The Six Foundational Lifts (“Strong Lifting”)
Contreras identifies six lifts that collectively develop all major muscle groups:
- Squat (and variations: hack squat, leg press, lunge, Bulgarian split squat, step-up)
- Bench Press
- Deadlift (and variations: stiff-leg deadlift, good morning, Romanian deadlift)
- Military Press (overhead press — standing, seated, barbell, dumbbell, Smith machine)
- Chin-up (and supinated pull-downs — near 1:1 transfer)
- Hip Thrust (and glute bridge variations)
Powerlifting uses only the first three; adding military press, chin-up, and hip thrust ensures full-body — especially glute — development.
Lower Body Programming for Glute Development
Four movement patterns for lower body sessions:
- Squat/Lunge pattern — targets quads, glutes, adductors
- Hinge/Pull pattern — targets hamstrings and glutes (deadlift, good morning, 45-degree hyper)
- Thrust/Bridge pattern — primarily glutes in shortened position; less muscle damage, faster recovery
- Abduction pattern — glute medius and upper glute max (lateral band walks, cable abduction)
Recovery management principles:
- Alternate bilateral and unilateral movements — unilateral (e.g., Bulgarian split squat) causes more soreness.
- Vertically loaded hinges (deadlifts, good mornings) are harder to recover from than angled movements (45-degree hypers).
- Walking lunges are highly effective but too damaging for frequent use — step-ups are preferred for high-frequency programs.
- Hip thrusts work glutes in the shortened range and create less damage — more suitable for high-frequency training.
Tempo and Repetition Speed
- Tempo has minimal direct effect on hypertrophy — a 1-second rep and an 8-second rep produce similar muscle growth.
- Tempo’s primary value: injury prevention over the long term.
- Explosive concentric (e.g., hip thrust) + controlled eccentric is a reasonable default.
- Overly strict tempo focus can interfere with progressive overload and reduce training productivity.
Neuromuscular Control and Muscle Activation
- Before loading a muscle, verify you can voluntarily contract it — flex each muscle without weight as a self-assessment.
- Muscles with low activation in daily life (e.g., glutes) are more prone to atrophy and require deliberate training focus — sometimes called gluteal amnesia.
- Low-load glute activation (body weight movements, bands) during warm-up can improve neural drive; one study showed measurable motor cortex changes in just one week of isometric work.

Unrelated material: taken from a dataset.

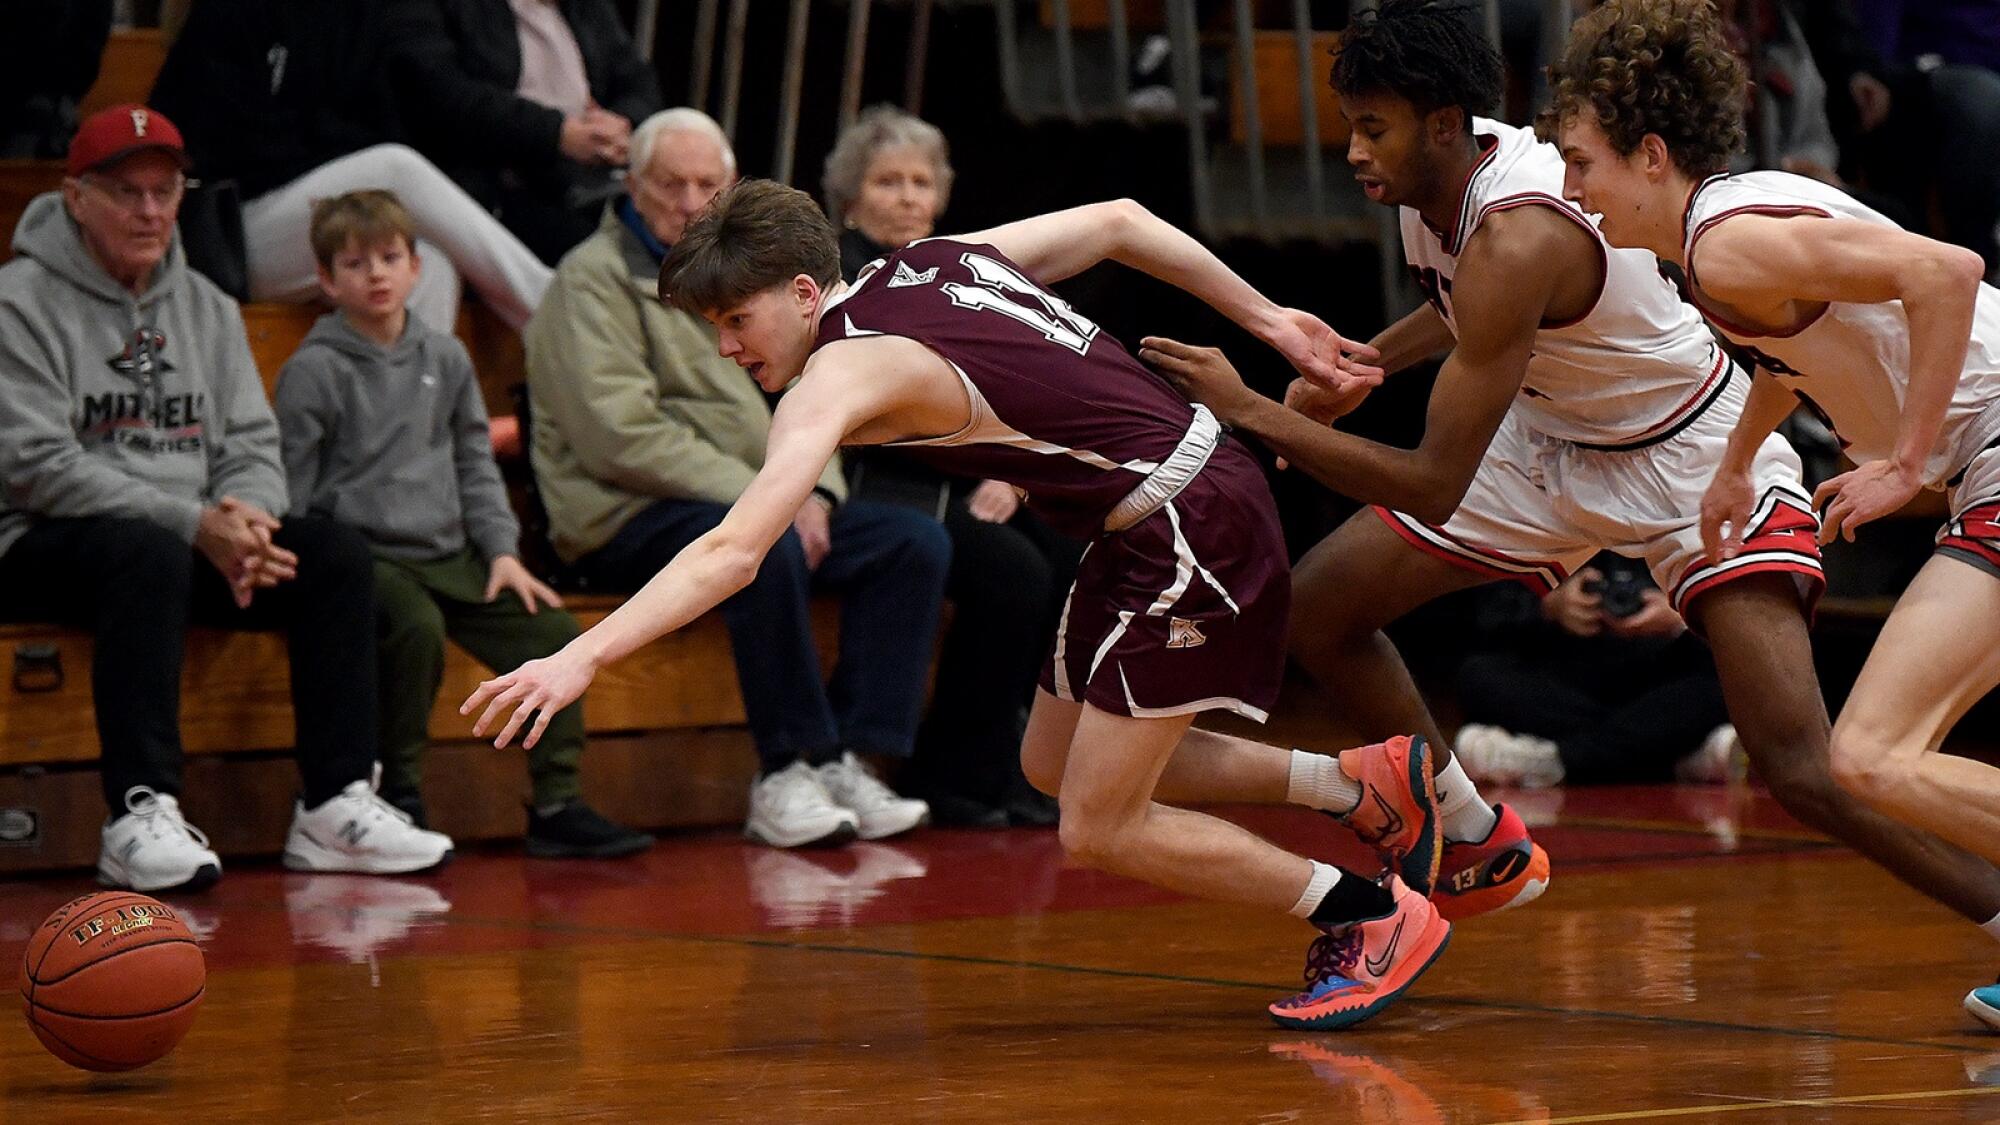 Fitch boys basketball forces win over Killingly

- Early training benefits are largely neural (coordination, motor learning); hypertrophy gains dominate later.
- Beginners benefit from more volume to develop motor patterns and mind-muscle connection.

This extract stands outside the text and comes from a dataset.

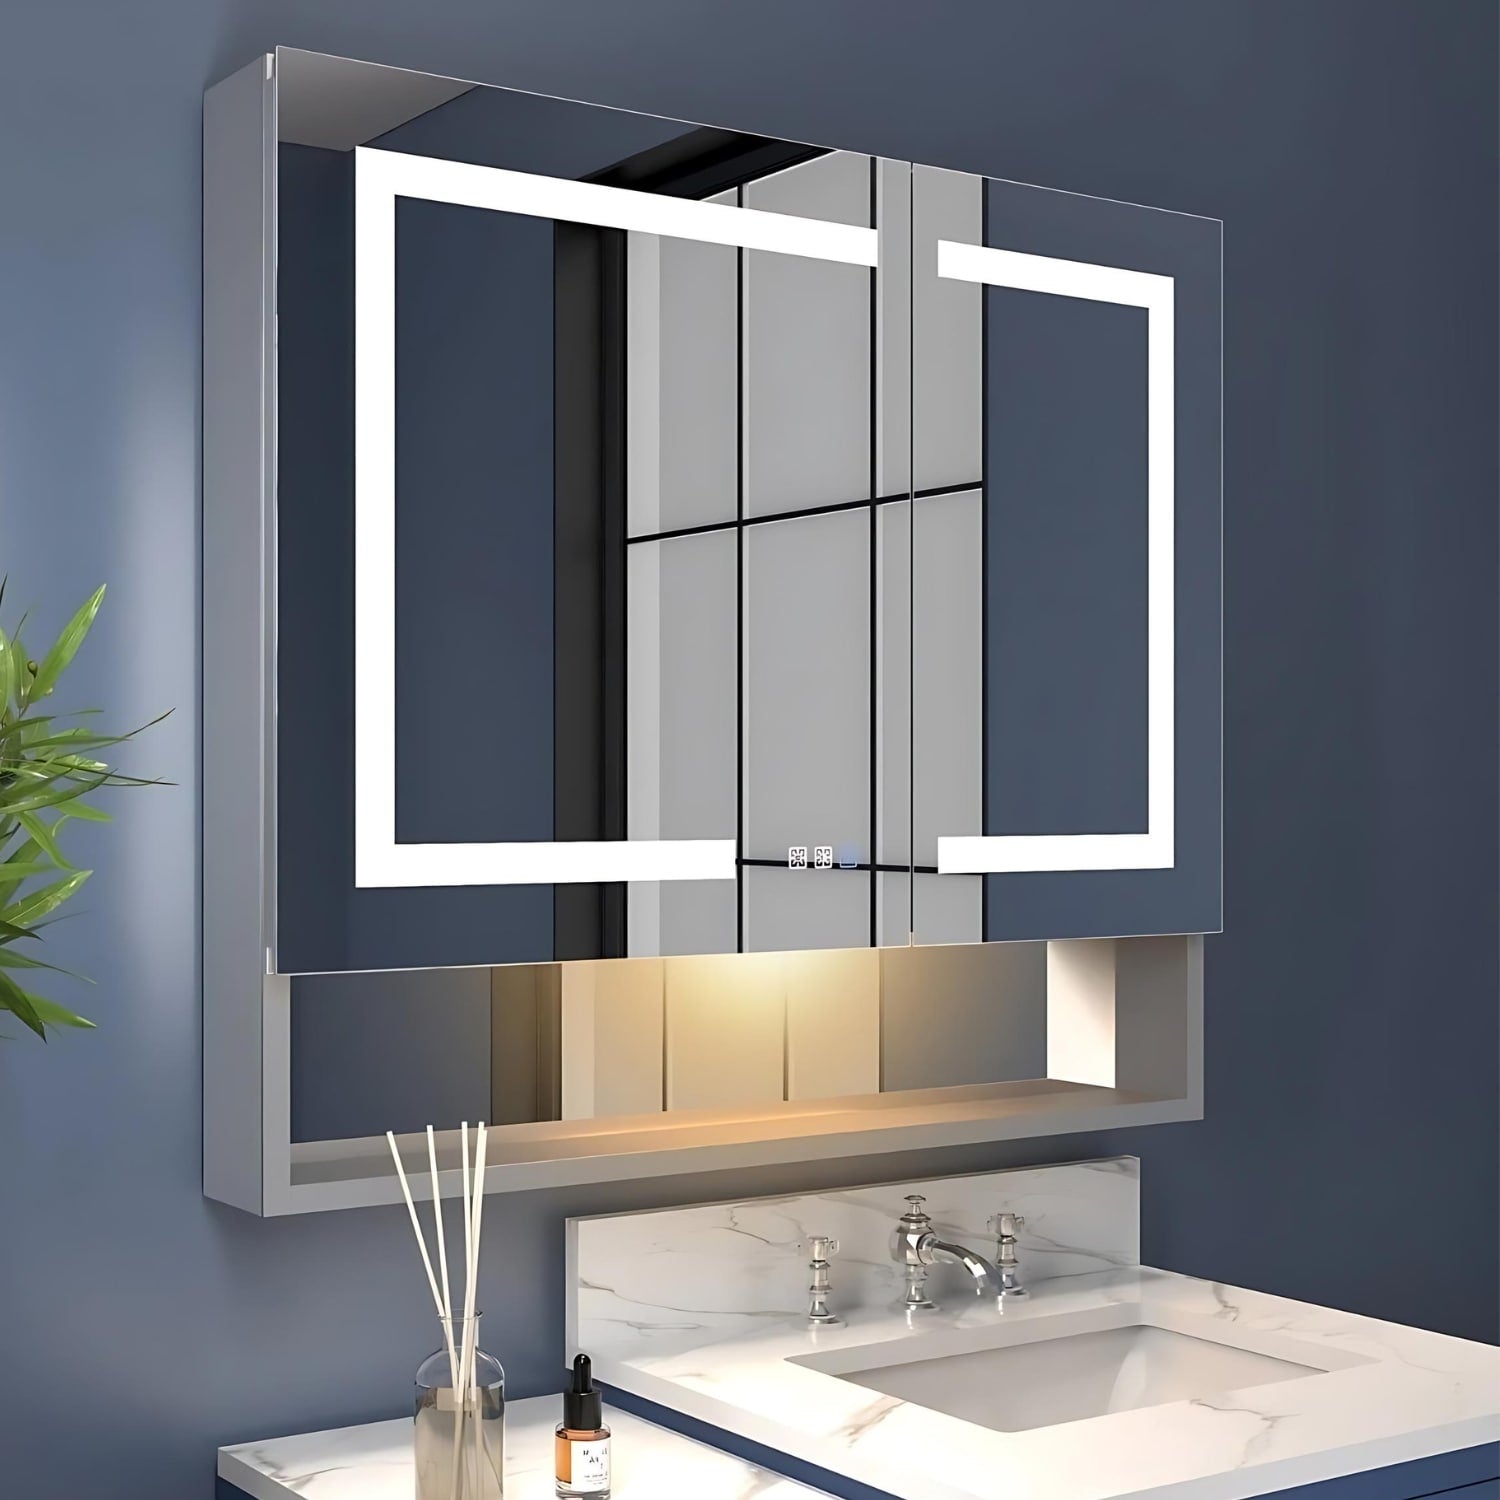 High-Tech Lighted Medicine Cabinet ready to light up your next bathroom makeover

Recovery and Maximum Recoverable Volume (MRV)
- MRV = the maximum volume of training from which you can still recover and make progress.
- Key variables to adjust when recovery is compromised:
- Exercise selection (swap high-damage for lower-damage alternatives)
- Volume (reduce sets)
- Effort level (stop further from failure)

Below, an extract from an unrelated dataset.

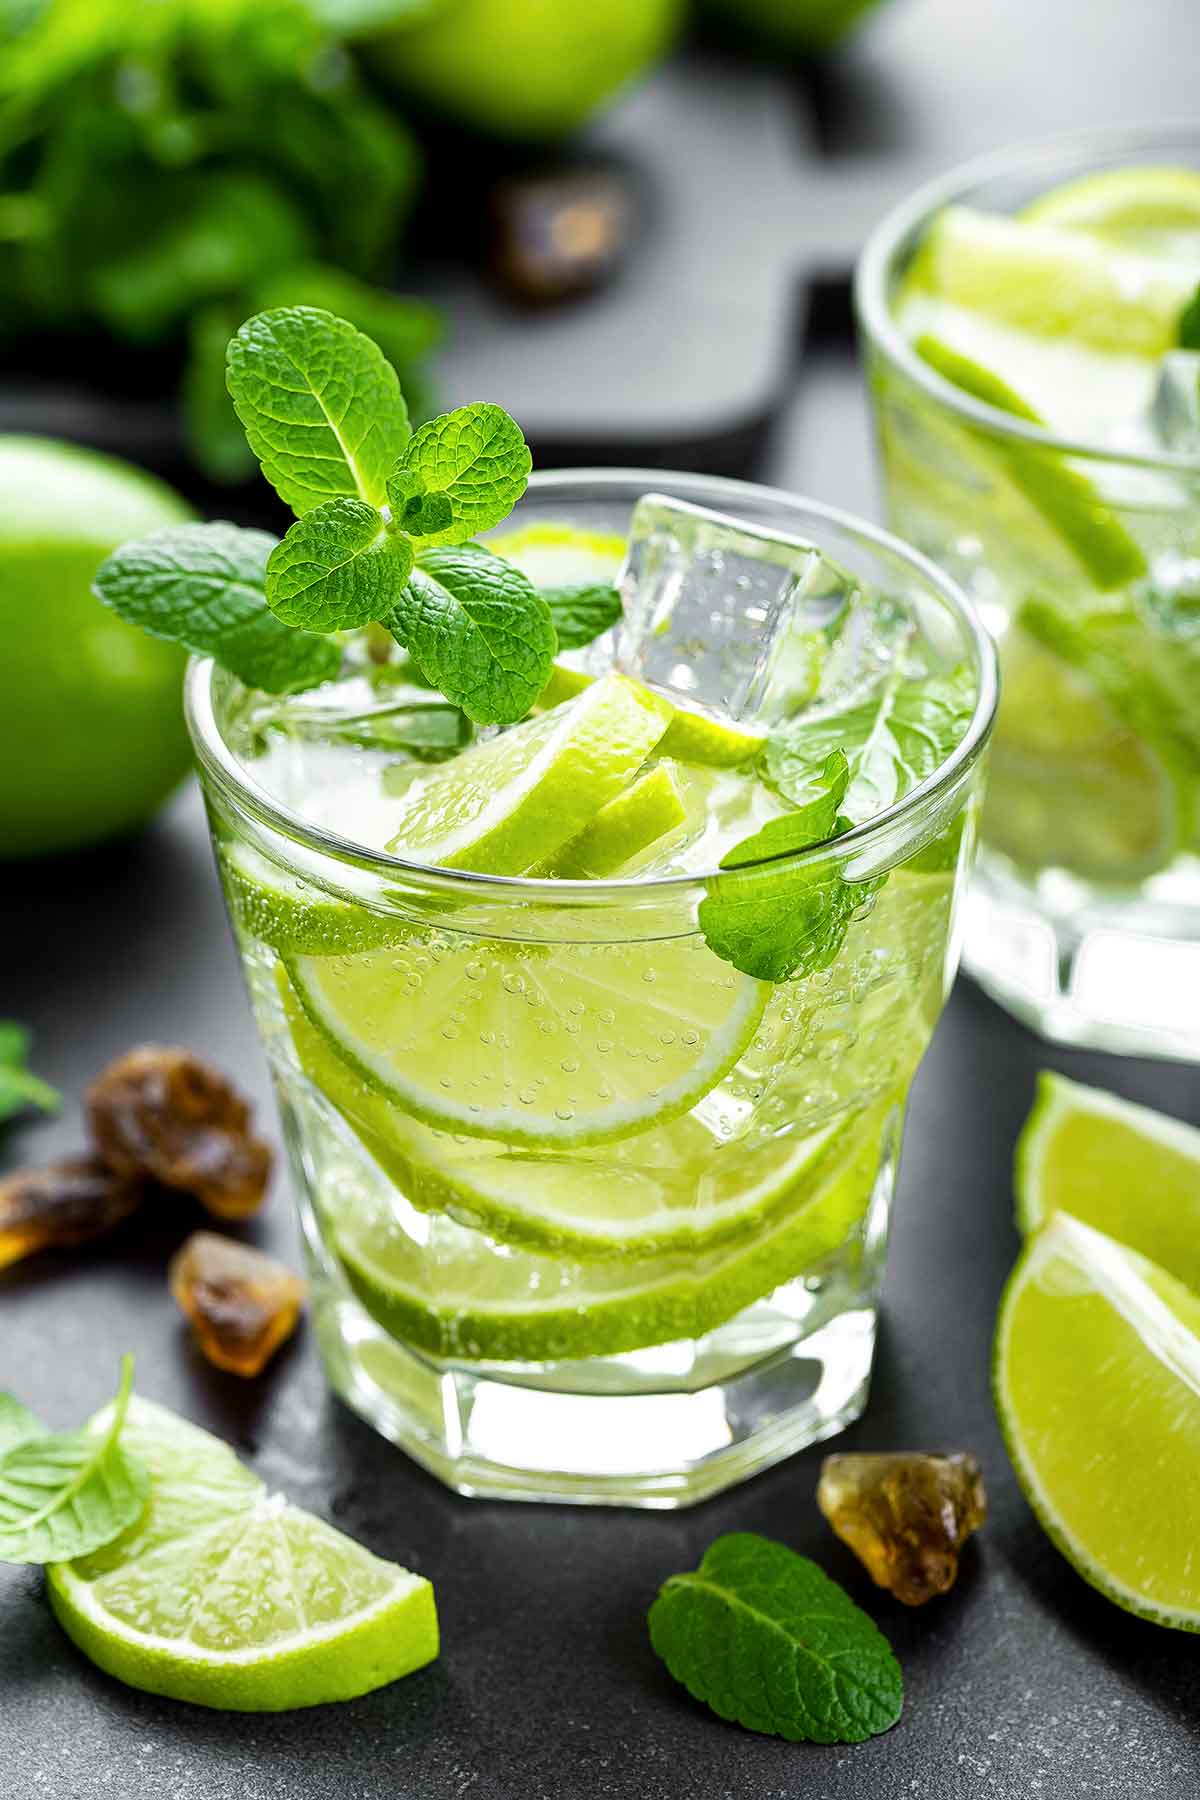 A glass of Mexican mojito with lime slices floating in it and a mint sprig garnish.

- Women generally recover slightly faster than men and can tolerate somewhat more volume.
- Recovery capacity decreases with age — adjust volume and frequency accordingly (e.g., two sessions per week instead of three as you approach 50+).
- Connective tissue and fascia damage can signal the CNS to inhibit muscle activation — pain is a recovery signal, not just soreness.
Program Design Philosophy
- Rotate the primary lift you’re chasing PRs on each month — other patterns are still trained but at lower priority.
- Avoid repeating the same high-damage movements every session (e.g., don’t do RDLs and good mornings three times a week).
- Autonomy in exercise selection increases client engagement and motivation.
- Keep a workout log — without records, you underestimate past performance and limit future progress.
- Nagging injuries typically result from repeatedly pushing through discomfort — address early by swapping movements, not forcing through pain.